Glorfindel could ride out to confront the 9 and had already killed a balrog.
No contest


----------



## Hobbit-GalRosie (Mar 9, 2003)

> When Legolas was confronter by the Balrog in Moria he dropped his bow and let out a squeal.



I just got through reading FotR again and oddly I don't remember that, when exactly did it happen?

Anyway, I agree with everyone who thought Glorfindel would win, and I think it would be no contest. And I wouldn't be placing any bets so I wouldn't worry about the odds.


----------



## Maeglin (Mar 10, 2003)

A wise and correct choice by all of you with the exception of Ms Greenleaf. If the 2 were to fight it would be a duel lasting no longer than a span of 11.87 seconds!


----------



## FoolOfATook (Mar 10, 2003)

This isn't even a contest- Glorfindel would tear Legolas apart.

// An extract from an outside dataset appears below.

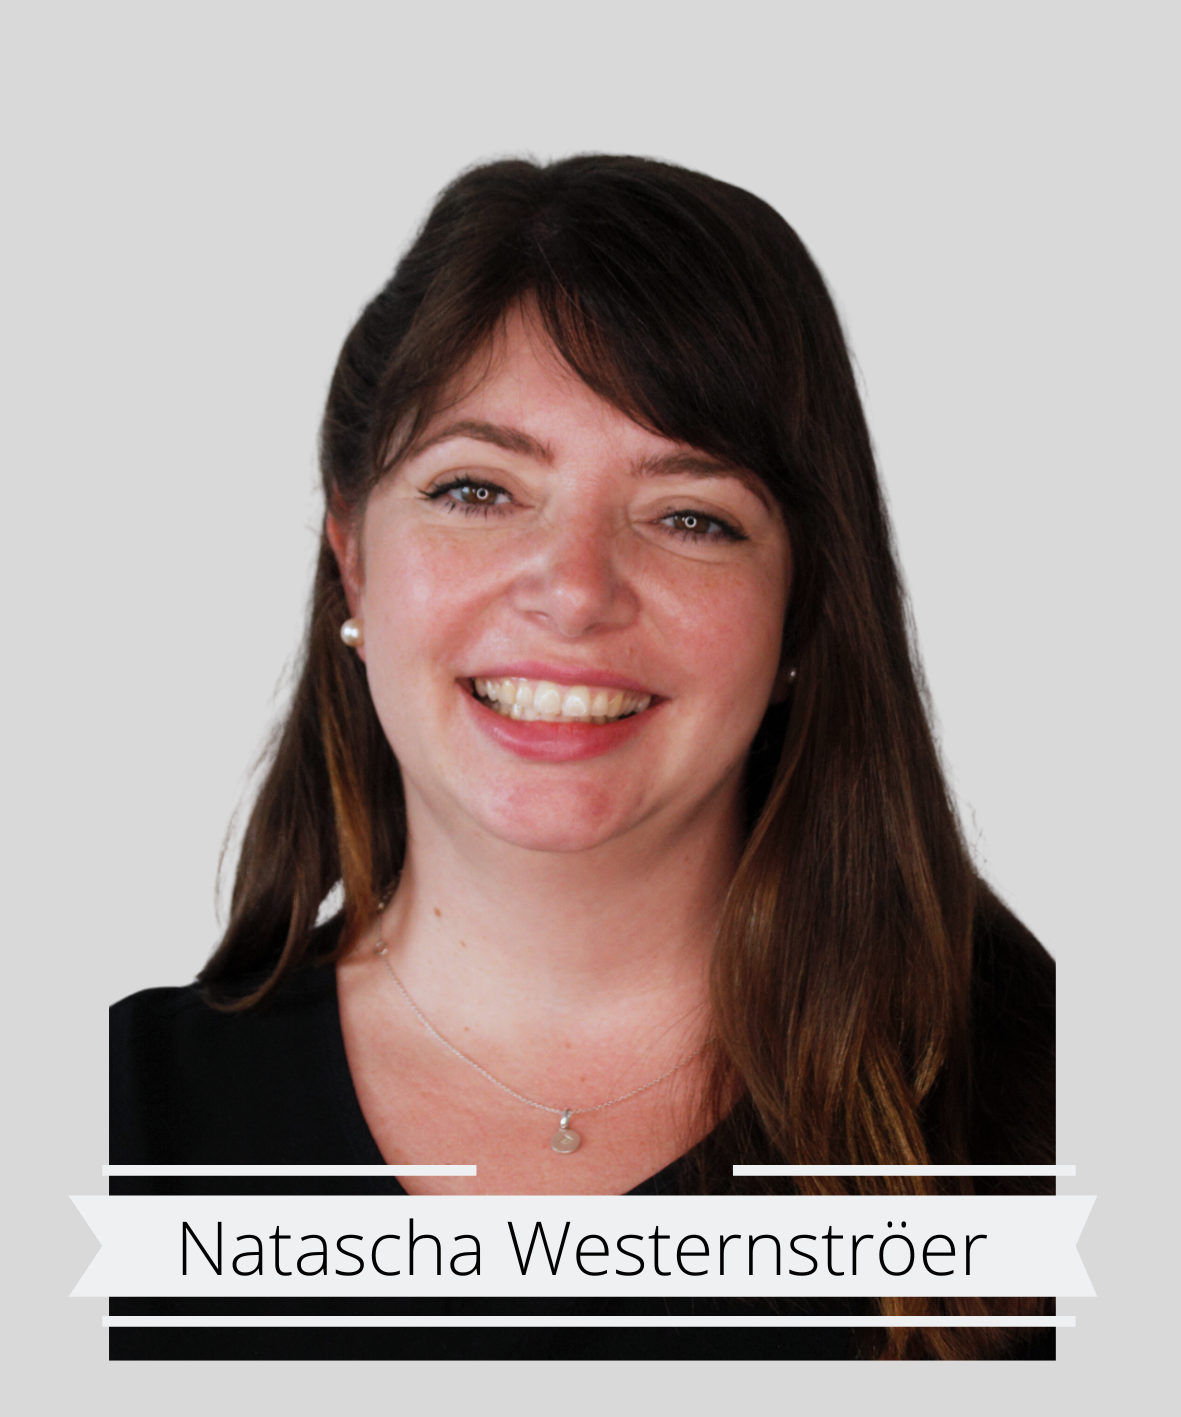 Natasha Westernströer
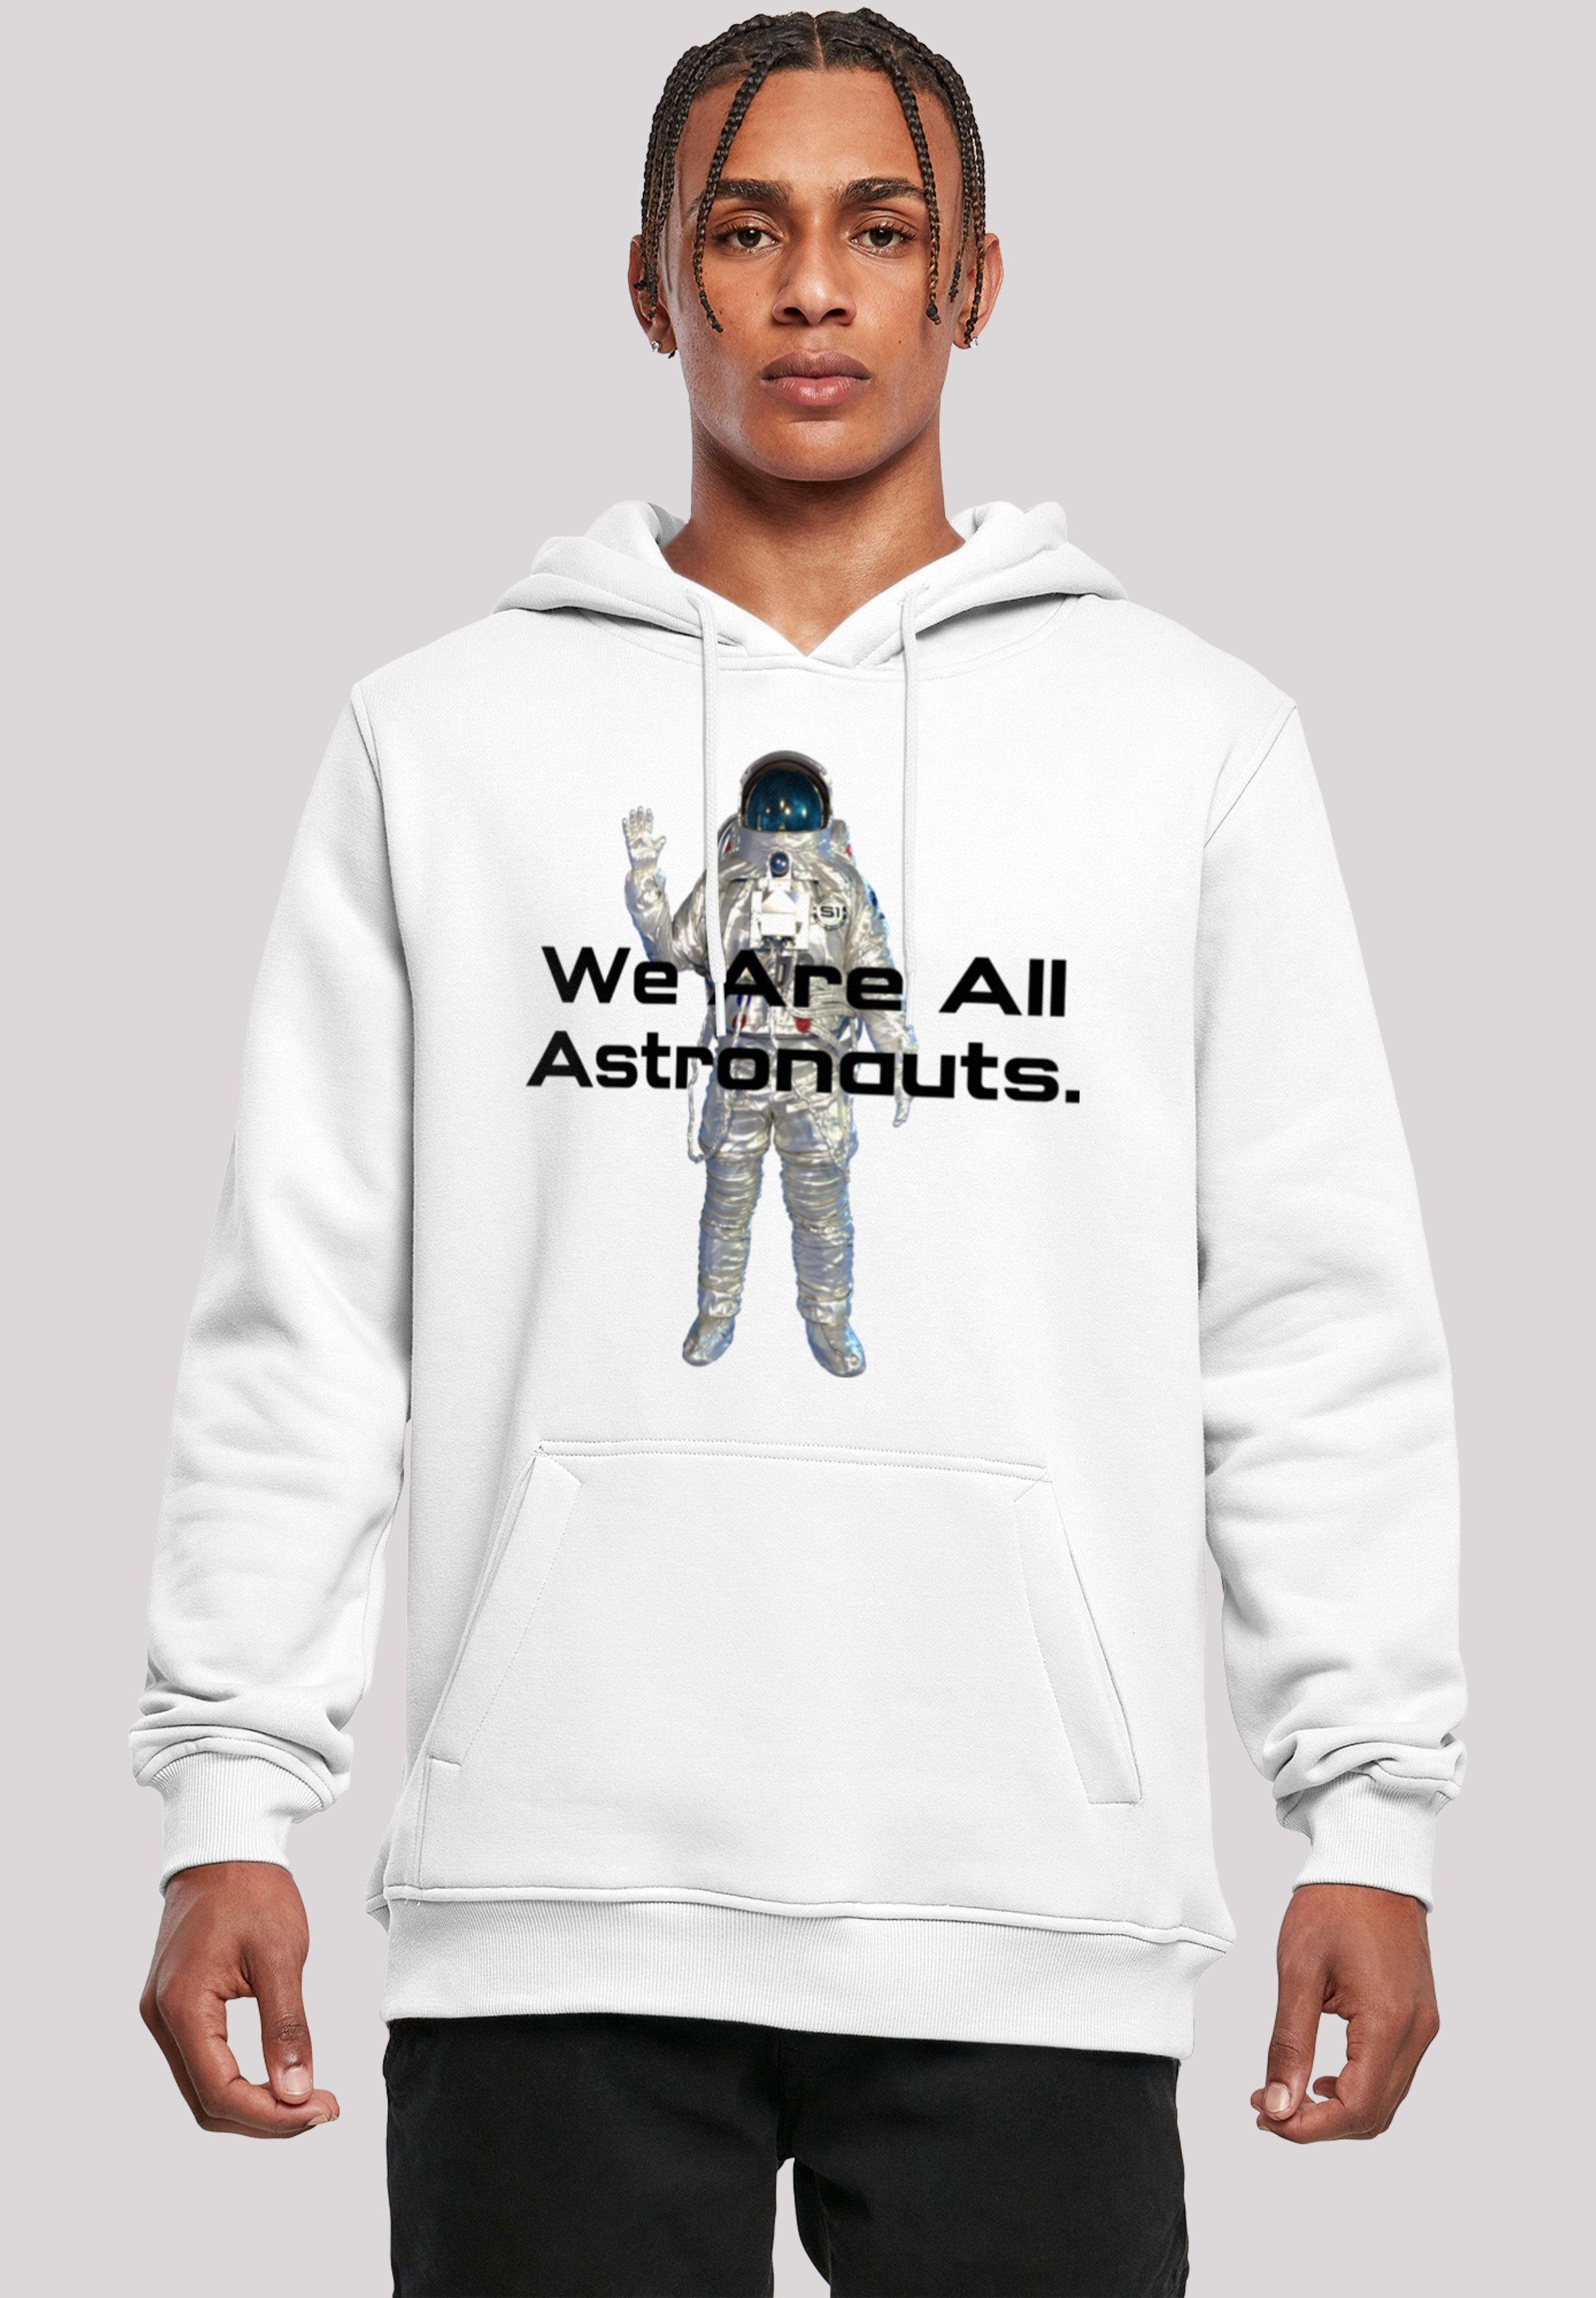 Verstellbare und astronauts SpaceOne We all Kapuze Print, F4NT4STIC are Kängurutasche PHIBER Kapuzenpullover geräumige

It's kind of like if, say, Boromir challenged Beren, or Shadowfax dared to take on the legendary Bill the Pony.


----------



## Elfarmari (Mar 10, 2003)

*Re: Legolas scared of Balrog*



> _Originally posted by Minas _
> *When Legolas was confronter by the Balrog in Moria he dropped his bow and let out a squeal. *


Actually, he said something like 'Ai, ai, a Balrog! A Balrog is come!', which is just about as useful. Although they wouldn't directly fight eachother, Glorfindel is easily more powerful.


----------



## jimmyboy (Mar 14, 2003)

> 'Ai, ai, a Balrog! A Balrog is come!'


Hmm. Not too convincing if you're gonna try to tell me that Glorfindel would be defeated. 

On the other hand, Glorfindel looked pretty girly to me in the movie version of LOTR. In this case, I'd place my money on Legolas.


----------



## BlackCaptain (Mar 14, 2003)

Actualy, it might depend on how far apart the two started... I don't recall reading anywhere that Glorfindell was a master archer, although Legolas can draw his bow and have it strung in the blink of an eye... Legolas might have a fighting chance, but only because it takes one arrow to kill someone if it's stratigically placed, say in the middle of the chest


----------



## Lantarion (Mar 14, 2003)

Haha. 
I also voted for Glorfindel, but the question is quite vague: in hand-to-hand armoured combat Glor would win, hands down; if the two were a long way from each other I think Legolas would make Glorfindel look like a porcupine before he had even seen his bow. 
But as the latter is very, very rare scenario I think voting for Glorfindel would be wise.


----------



## Beleg (Mar 14, 2003)

This is the funniest thread that i have ever come across!! LoL.

Definately Glorifindel! I dare Legolas to stop a Black-Rider while even the Witch-King feared Glorifindel. Conclusion! Glorifindel GO!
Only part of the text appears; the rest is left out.